--- INPUT DATA Enclosed Below ---
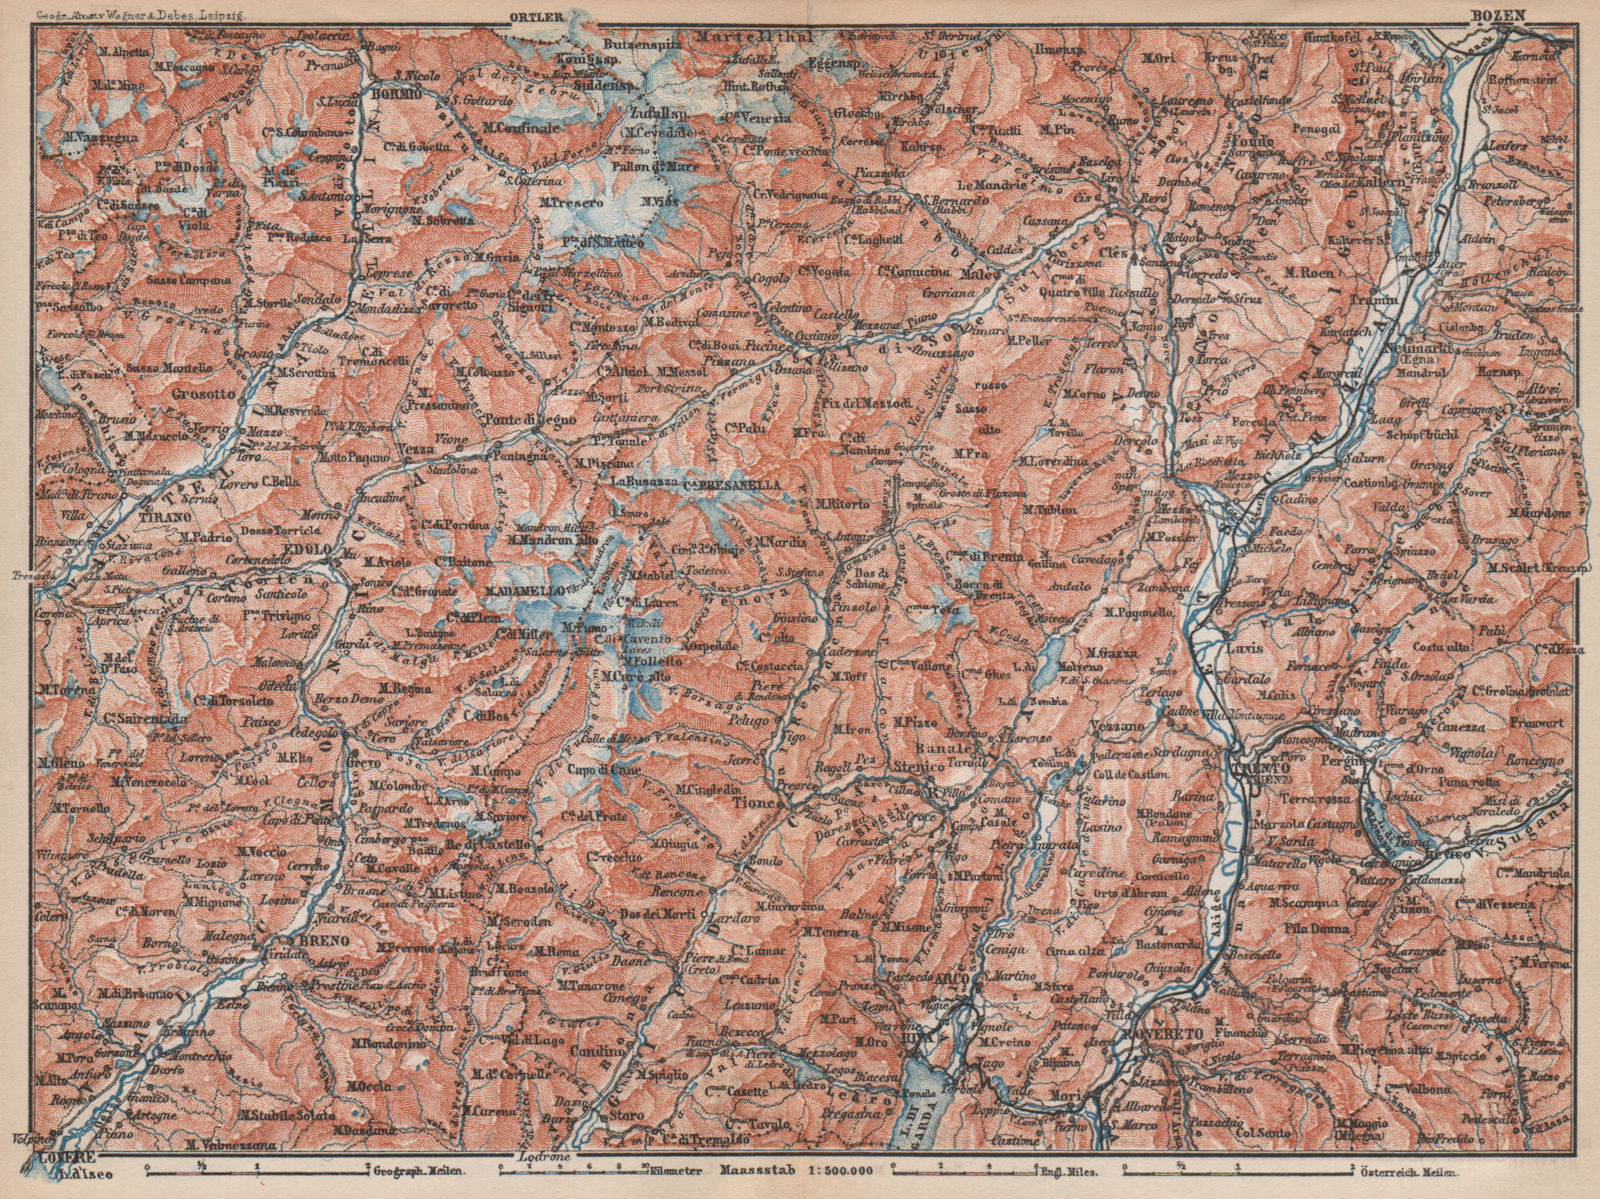 Associate Product TRENTINO-ALTO ADIGE. Bolzano Bormio S. Caterina Aprica Campiglio mappa 1896
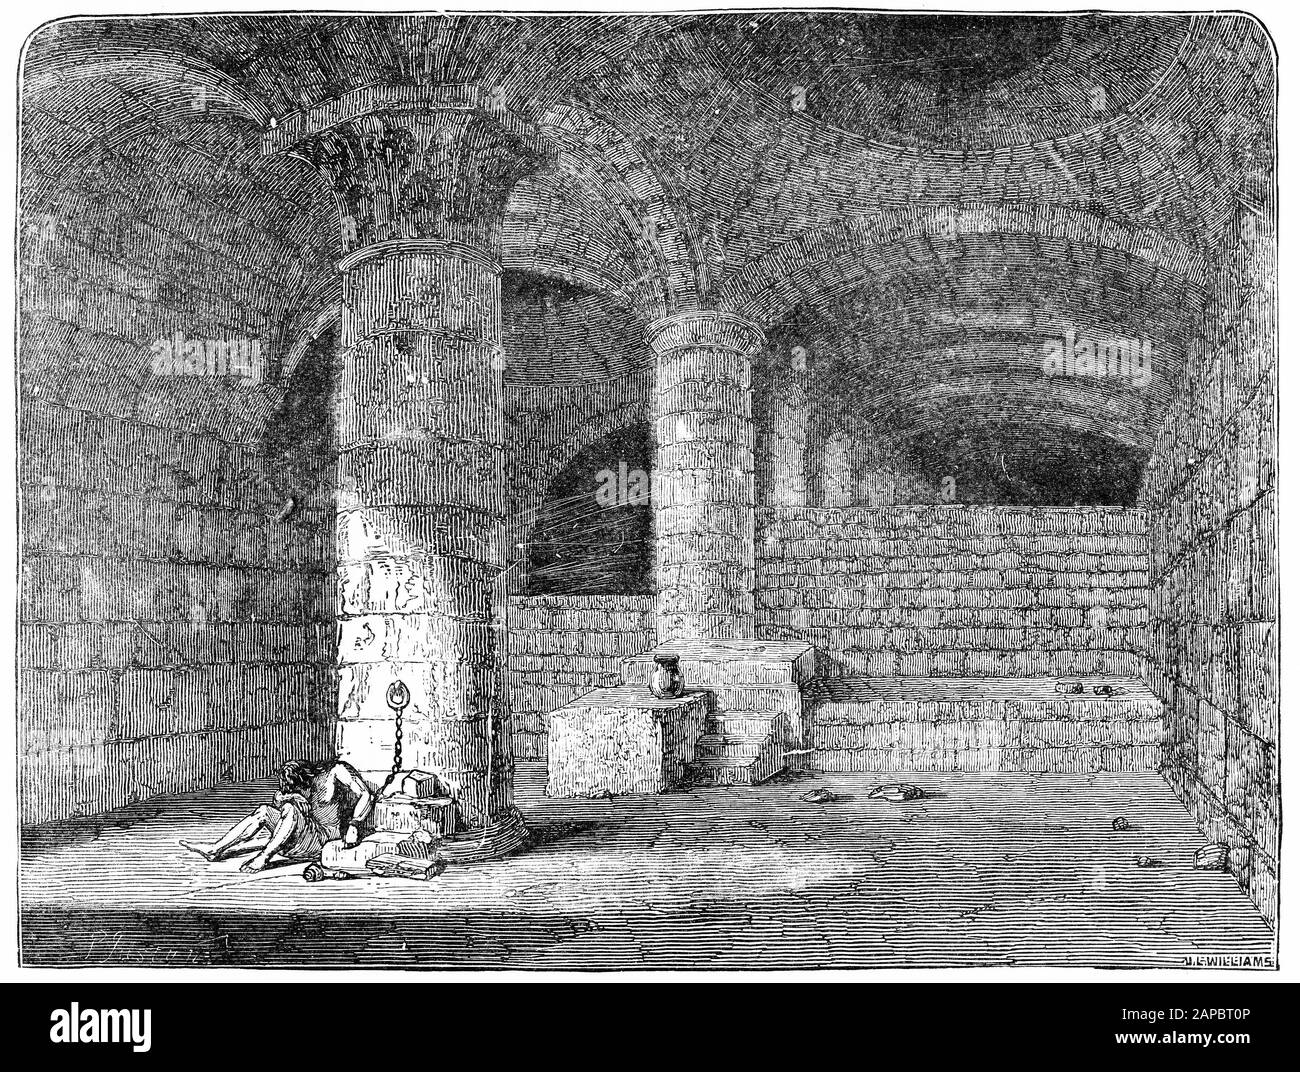 Grabado del vestigio del acercamiento meridional al templo en Jerusalén,  conocido como la puerta de Huldah, a través de la cual el rey Salomón pasó  al subir a la casa del señor (
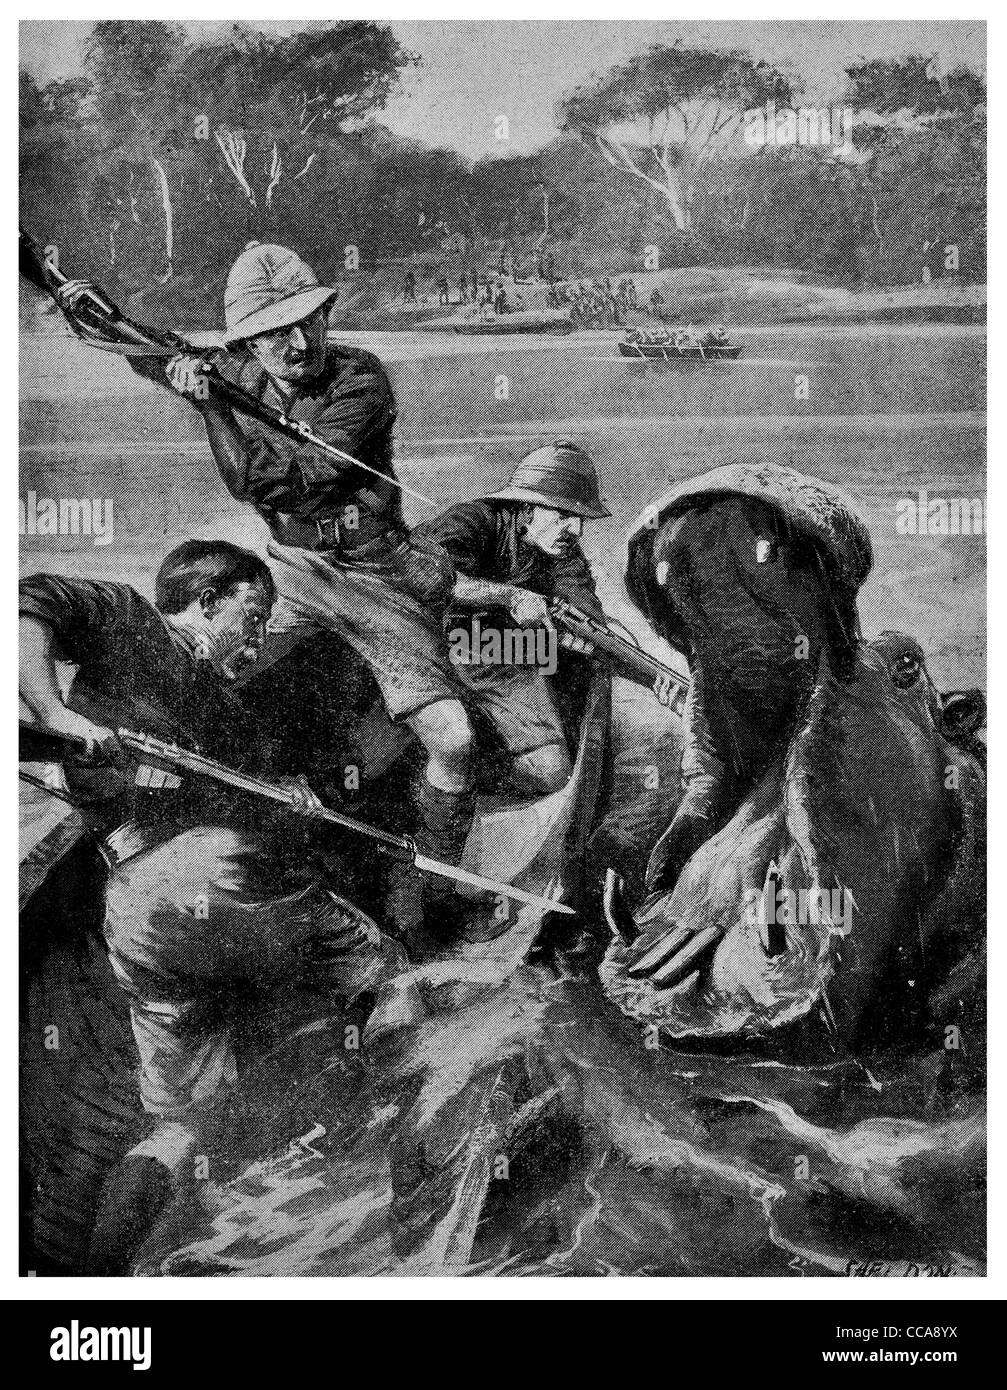 1917 Behobeho fiume Rufiji generale barca Sheppard attaccato ippopotamo ippopotamo predatore preda fucile sangue a baionetta sport Africa Foto Stock
--- End of Enclosed INPUT DATA ---
# WHAT YOU HAVE TO DO:
Every line from the one bearing "Grabado del vestigio" through the end of the data above must be output exactly, and no picture may appear.

# WRITTEN REPLY:
 Grabado del vestigio del acercamiento meridional al templo en Jerusalén,  conocido como la puerta de Huldah, a través de la cual el rey Salomón pasó  al subir a la casa del señor (
 1917 Behobeho fiume Rufiji generale barca Sheppard attaccato ippopotamo ippopotamo predatore preda fucile sangue a baionetta sport Africa Foto Stock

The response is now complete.